Showing posts with label Alice B. Toklas. Show all posts
Showing posts with label Alice B. Toklas. Show all posts

Wednesday, November 30, 2011

Etta Cone (November 30, 1870)

Etta Cone collected her first Matisse and Picasso paintings during a trip to Paris in 1905. The Matisse shown above was one of many in her immense lifetime collection, now on display at the Baltimore Museum of Art. At the time of the first modern art purchase, she was under the influence of the Stein family: Gertrude and her brothers Leo and Michael, and Michael's wife Sally, all of them intense art patrons and collectors. She had an intense friendship with Gertrude Stein (who knows how intense?) which was excised from history later, probably to please Alice B. Toklas.

Throughout her life, Etta Cone and her sister Claribel Cone (whom I wrote about earlier this month) continued to create an amazing collection of modern art, though she handled it in a very modest and private way.
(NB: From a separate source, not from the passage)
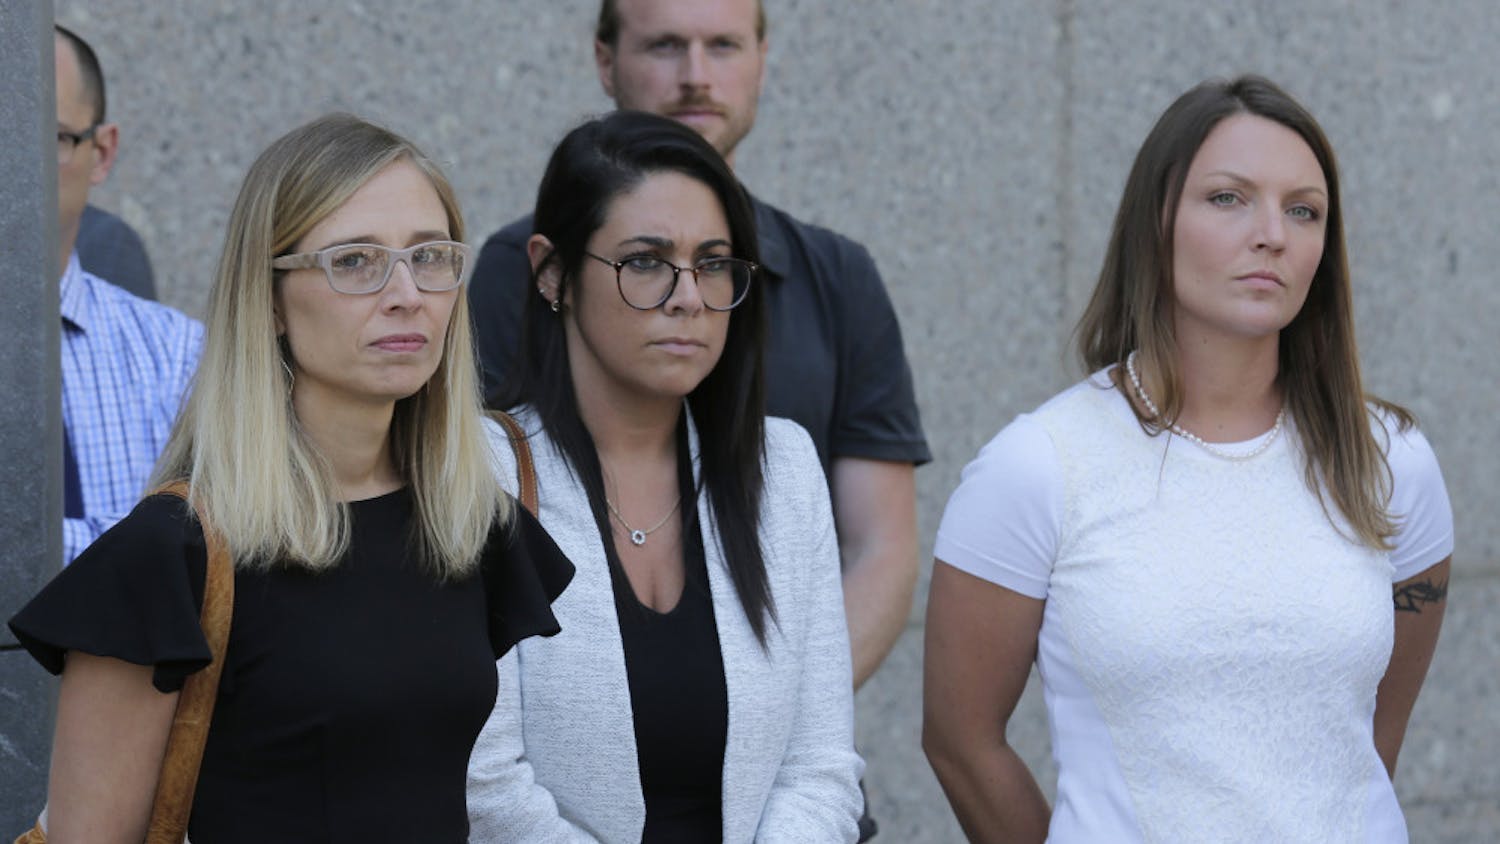 Annie Farmer, left, and Courtney Wild, right, accusers of Jeffery Epstein, stand outside the courthouse in New York, Monday, July 15, 2019. Financier Jeffrey Epstein will remain behind bars for now as a federal judge mulls whether to grant bail on charges he sexually abused underage girls.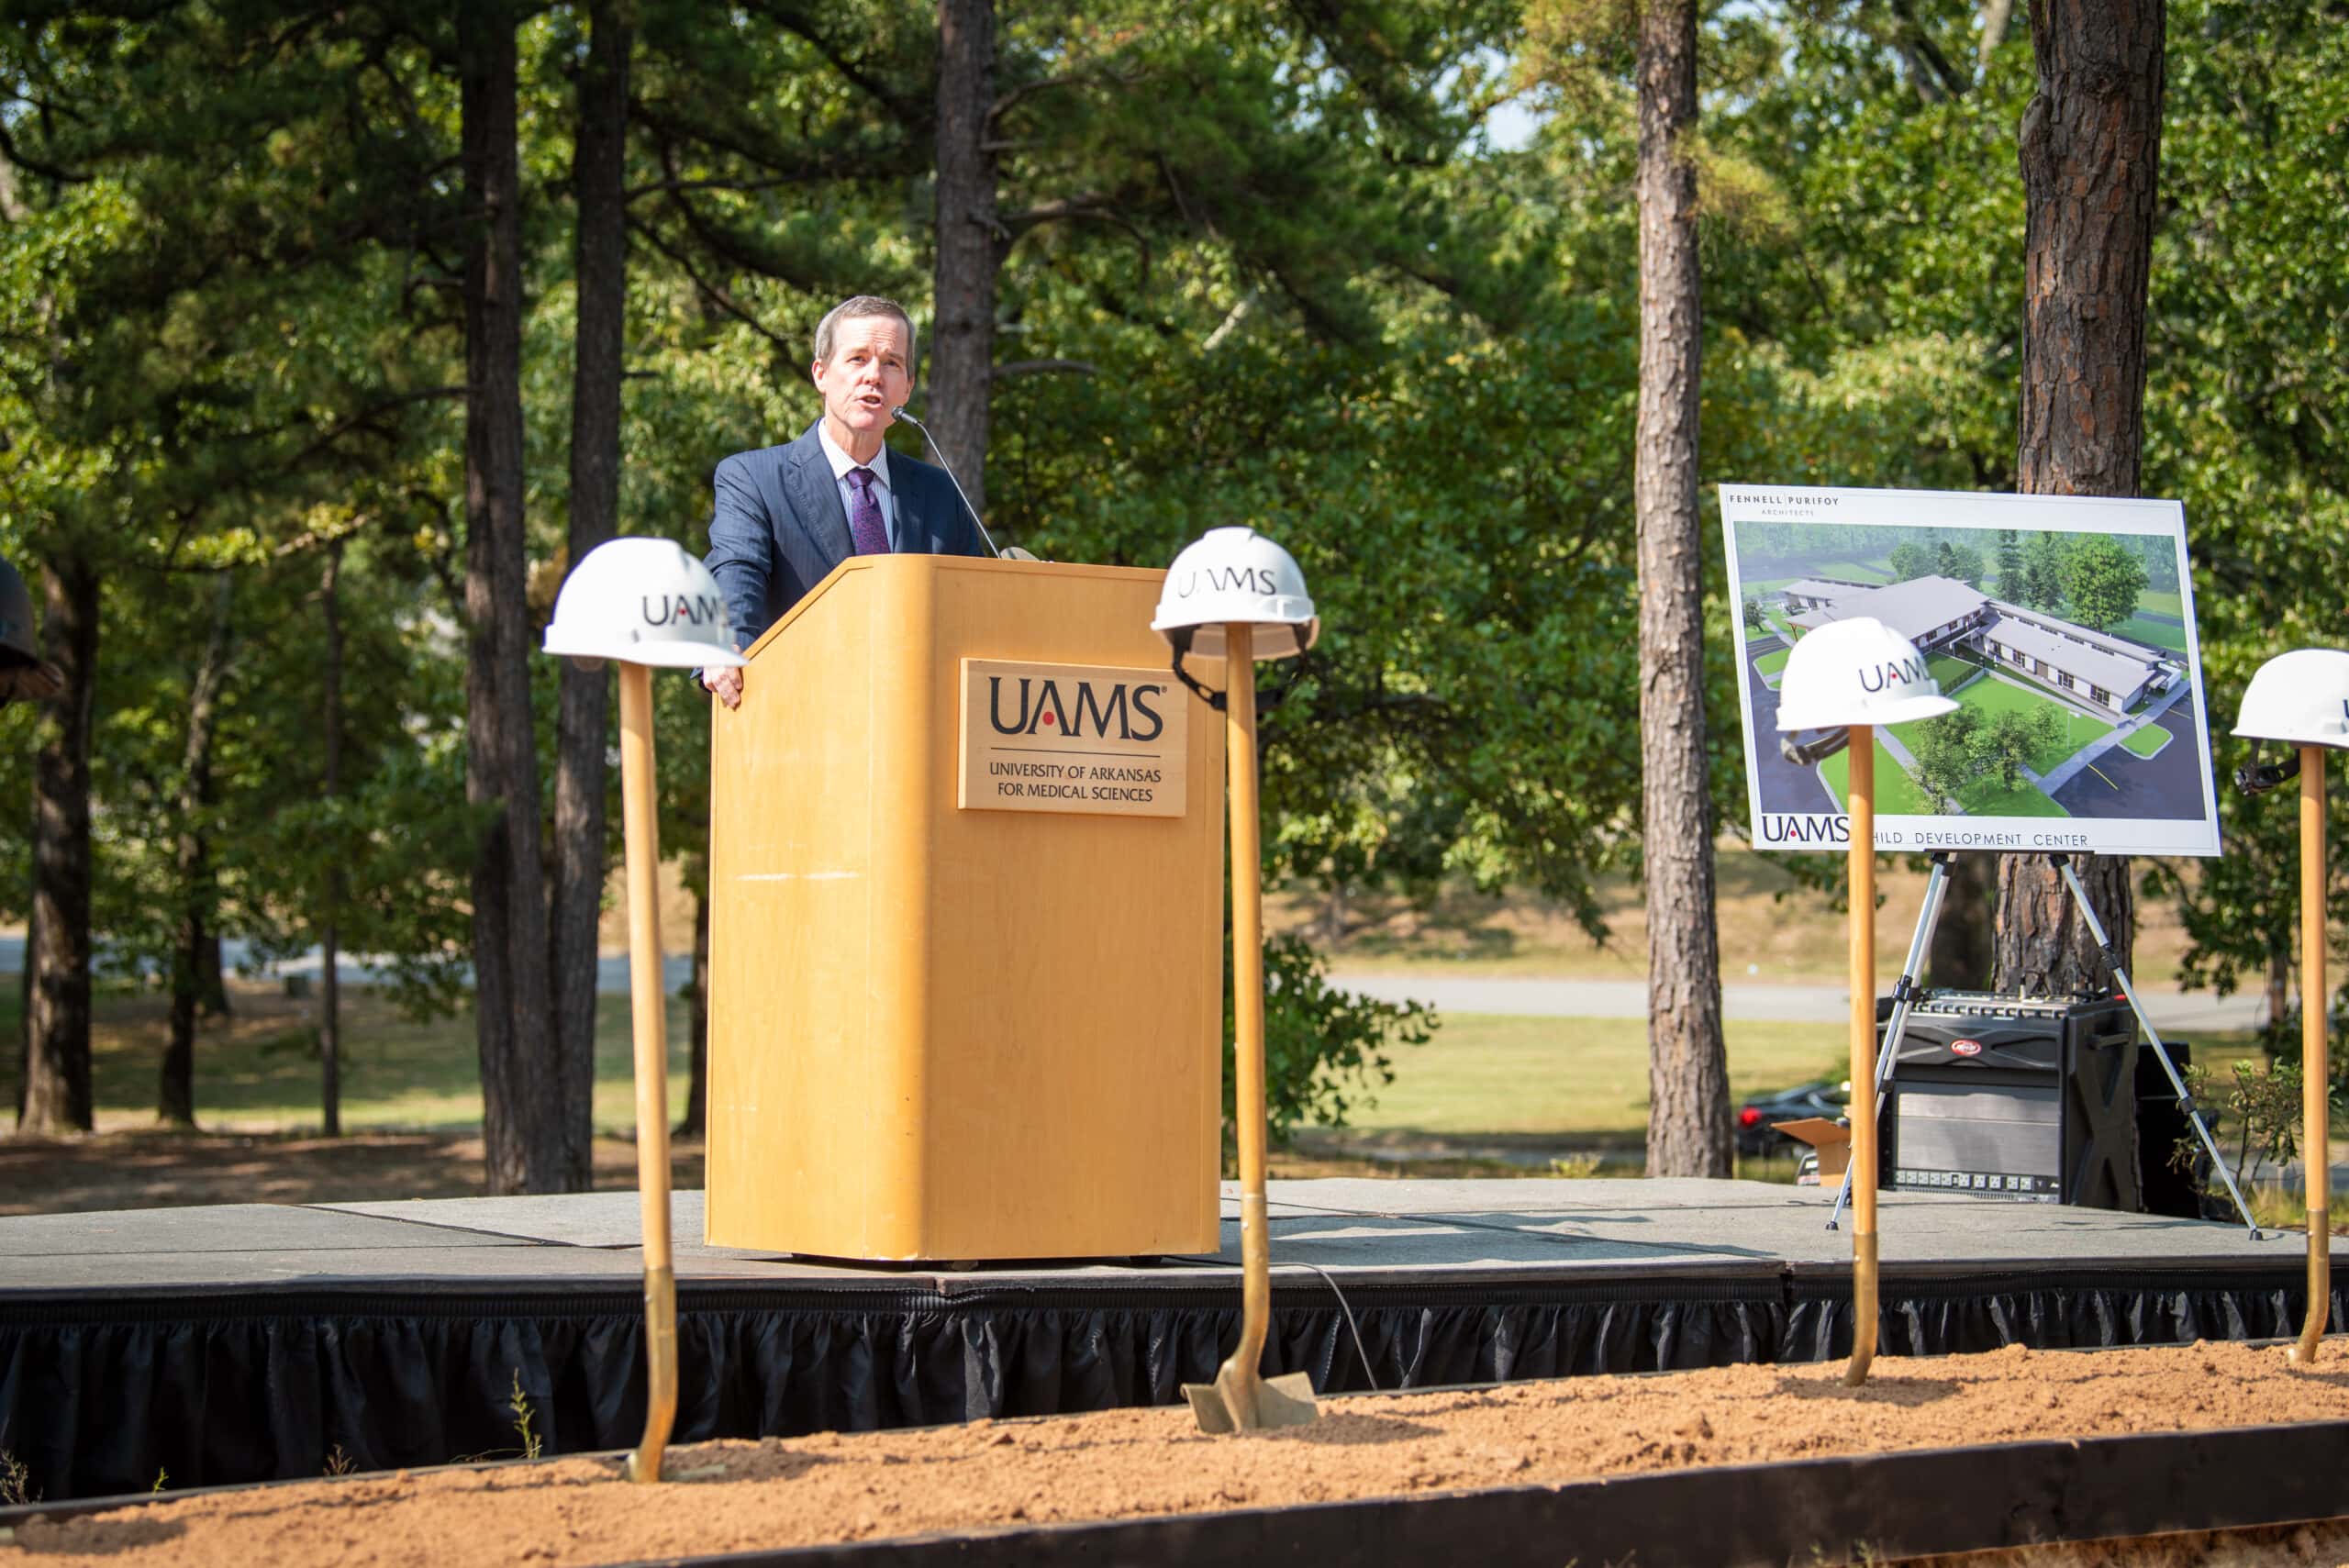 UAMS Breaks Floor on Little one Growth Middle

In The Art of Acquiring: A Portrait of Etta and Claribel Cone, author Mary Gabriel documents the somewhat unequal relationship of the two Cone sisters, who are now recognized as visionaries in the early appreciation of modern art.

Though not religious, and not active in Baltimore's Jewish community, Etta had some vague Jewish identity, and once wrote to Gertrude Stein: “Happy New Year to you, you heathen." *

Saturday, April 30, 2011

Alice B. Toklas (April 30, 1877)

In 1933 the not-yet famous Gertrude Stein wrote the Autobiography of Alice B. Toklas, saying she waited for Alice to write it herself, and finally gave up and did it for her. They had been together since 1907 and Stein sometimes referred to Alice as her wife. The Autobiography was Gertrude's first big success as a writer -- before that she had mainly been an influence on a generation of writers in Paris.

One of Gertrude Stein’s most often paraphrased statements was about Alice’s birthplace, Oakland, CA: when you get there, there’s no there there.

After Gertrude Stein died Stein’s family disowned Alice and took all their possessions (gay marriage didn’t exist, the “real” family got everything). To support herself, Alice wrote a cookbook memorializing the foods the two of them had enjoyed together. Alice had a second round of fame in the 1960s, shortly before her death, because of the recipe she included for cannabis brownies.

There’s every reason to believe that Gertrude and Alice observed no religion whatsoever but also never repudiated their Jewish roots: Secular. Jews.